Hungry ants inspire self-guided vehicle

Researchers in the Canary Islands have reported in the IET research journal Electronics Letters how they used a technique based on the way ants find the shortest route between home and a source of food to create a self-steering car.

The Verdino, which has been designed by a team of engineers from the University of La Laguna uses an effect known as ‘ant colony optimisation’, or ACO, to sense the road surface in front of it.

In nature, every ant travelling between an ant hill and a source of food leaves a trail of pheromones that can be followed by other members of their colony. As the chemicals evaporate, the path taken by those making the shortest journey becomes the most deeply reinforced and in turn is the one chosen by other ants.

Algorithms derived from this effect can help to resolve problems of combinatory optimisation in self-guided vehicles, explains Rafael Arnay from ULL’s, Department of Systems and Automatic Engineering and Computer Architecture and Technology.

“The ACO technique is based, similarly, on a colony of artificial ants, in other words computational agents that work cooperatively and communicate with each other by means of artificial pheromone trails,” he said.

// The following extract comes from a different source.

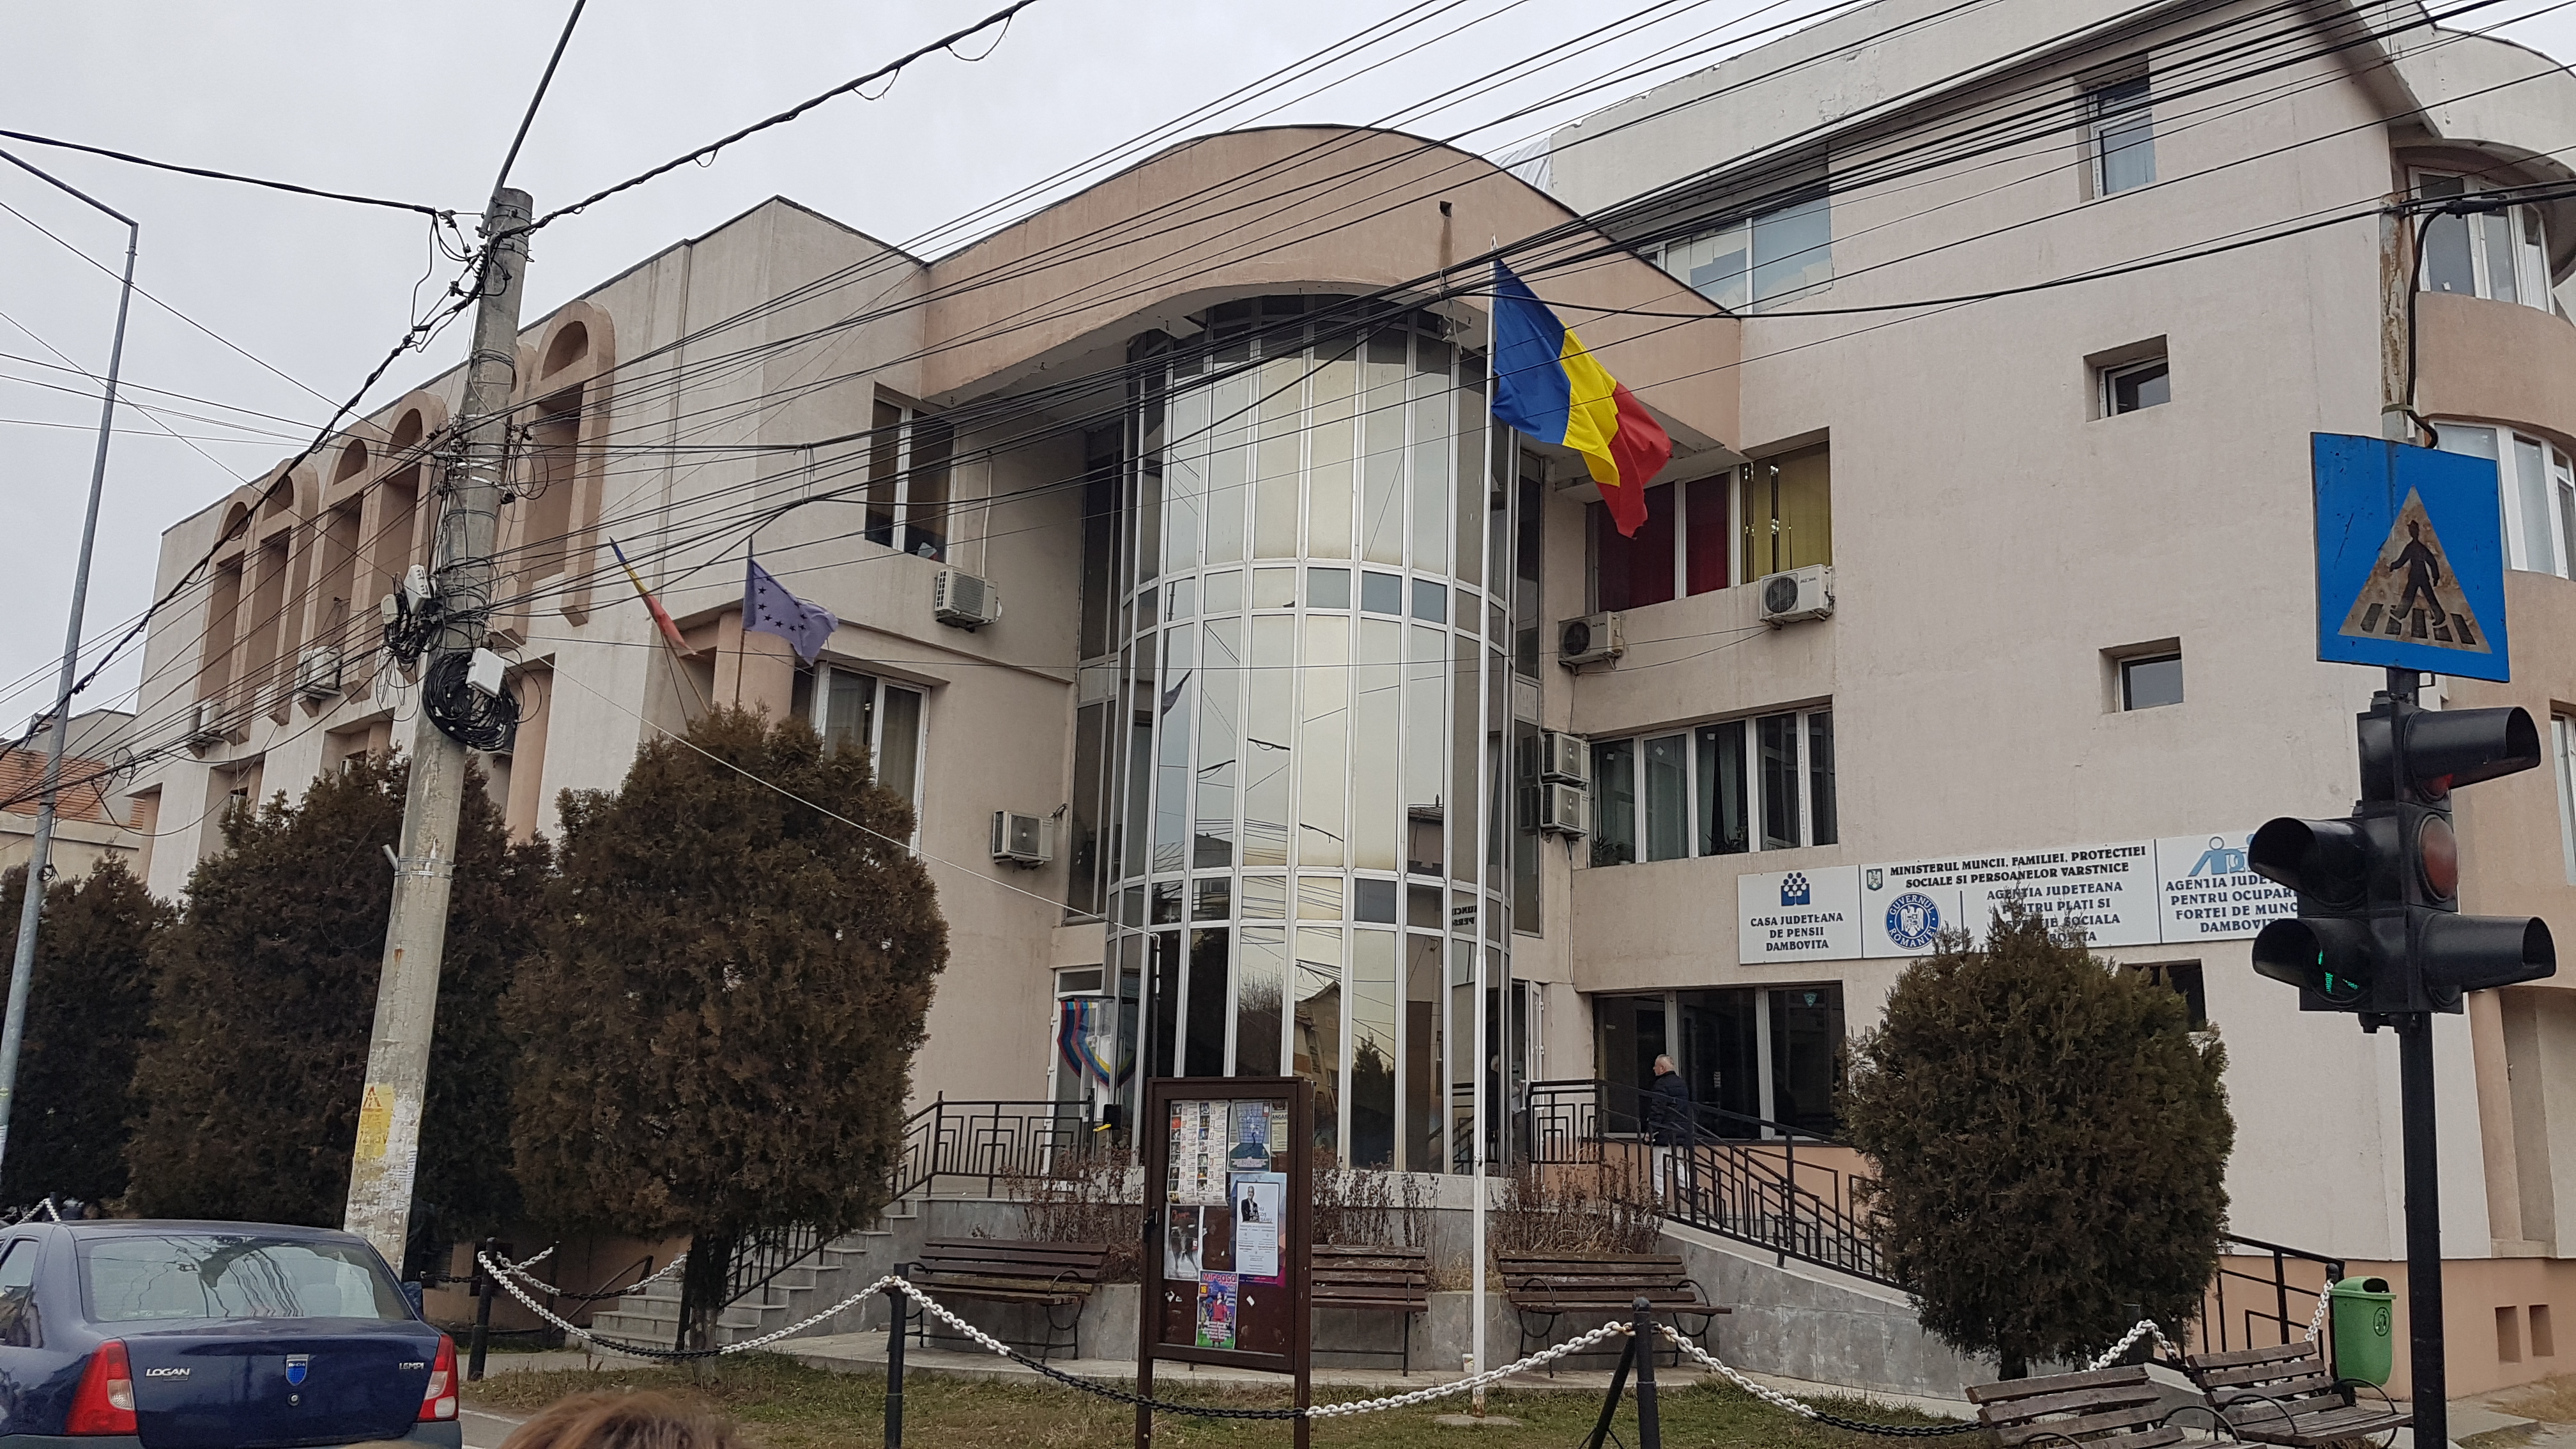 Casa Județeană de Pensii Dâmbovița scoate la concurs 4 posturi contractuale pe perioadă determinată. Sunt disponibile posturi de consilier și referent debutanți.

Arnay’s team have built a prototype that resembles a golf buggy, and is equipped with control system that processes data from an on-board camera. This is being tested for possible use as an internal transport system to link 25 housing units and a visitor centre in a bioclimatic housing development being built by the Technological and Renewable Energy Institute in the south of Tenerife.

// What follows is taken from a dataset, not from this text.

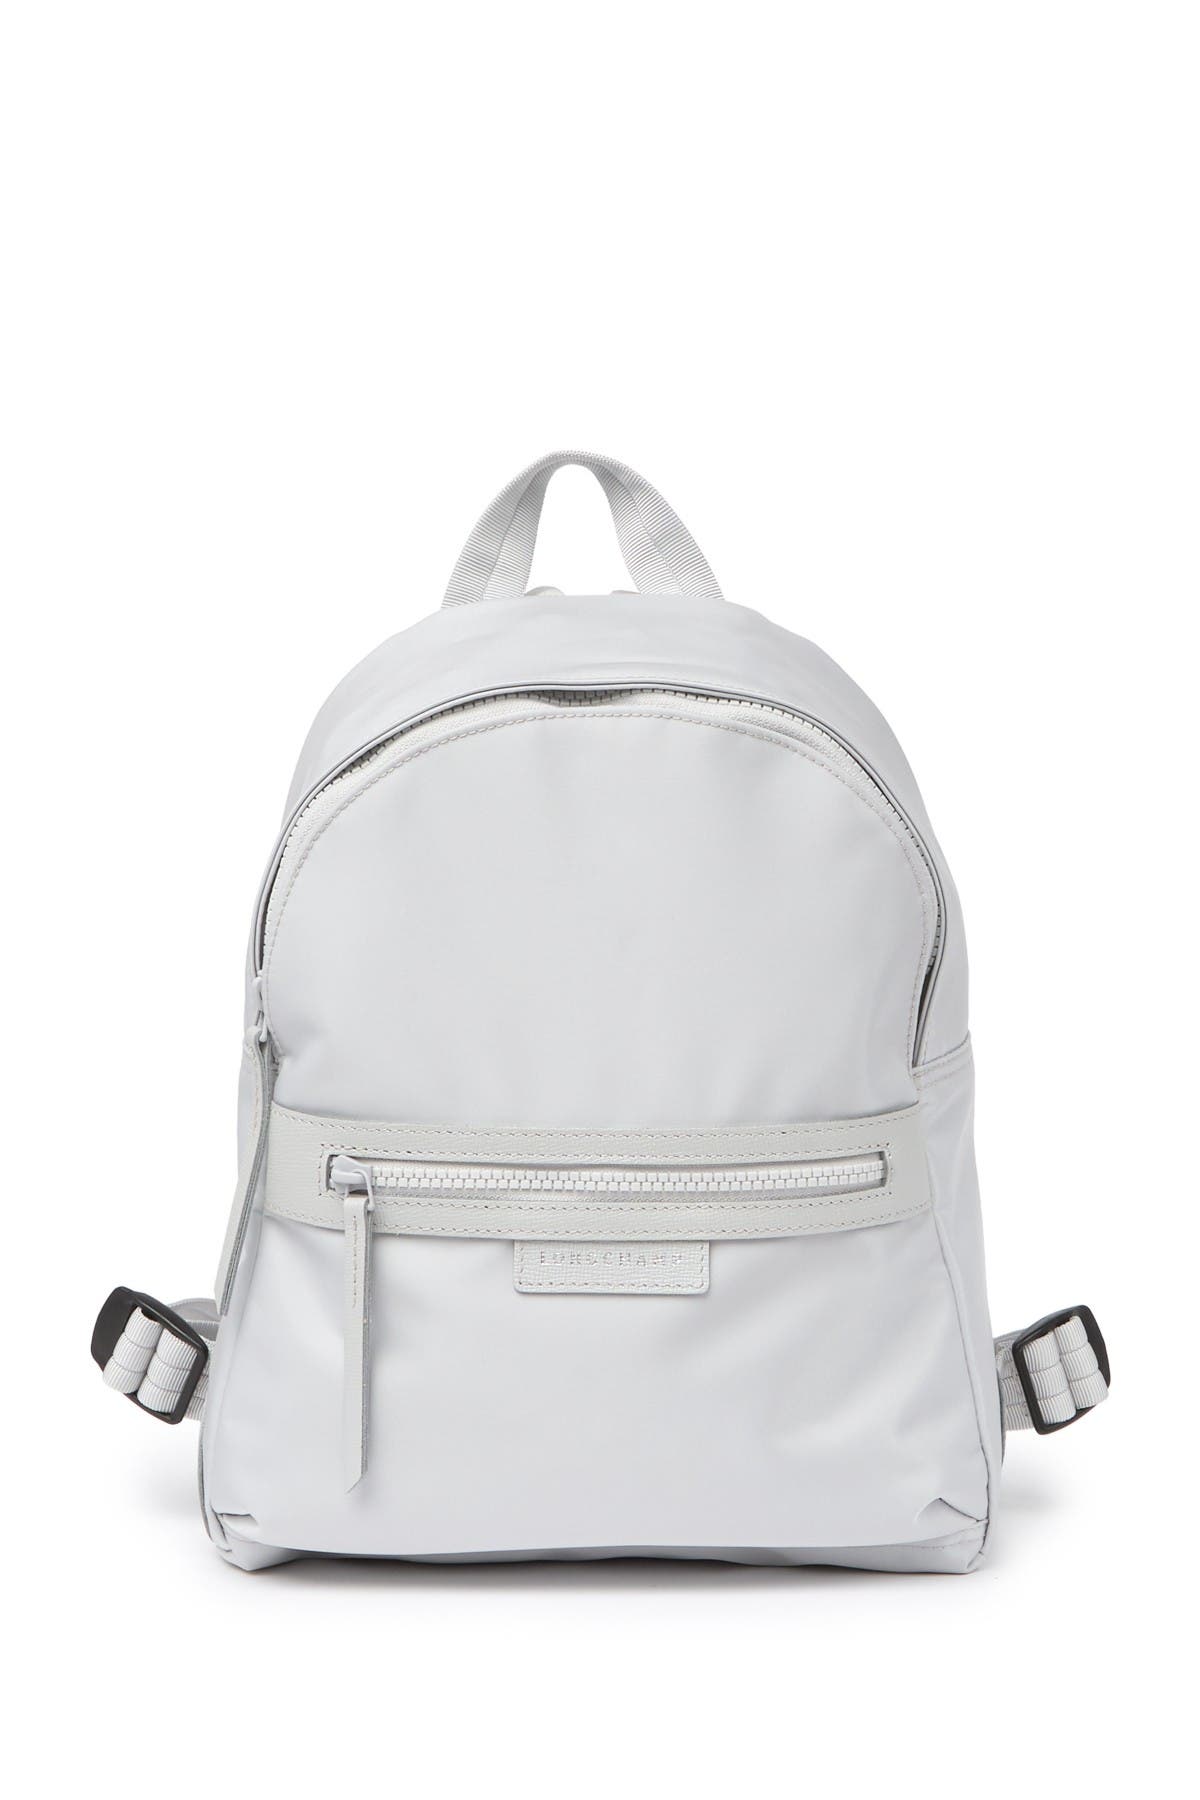 le pliage neo nylon backpack

Initial results are said to be “very promising”, and show that Verdino can negotiate unstructured roads without lines painted on the surface, or with irregular edges caused by encroachment by soil or vegetation.

The researchers believe a commercial version of the system could find uses in vehicles for town centres, tourist complexes, sporting venues, shopping centres and industrial estates, and could even be used within remote security systems or in adapted cars for elderly or disabled people.

‘Ant colony optimisation algorithm for detection and tracking of non-structured roads’ is published in the 5 June 2008 issue of Electronics Letters (Vol 44, No 12).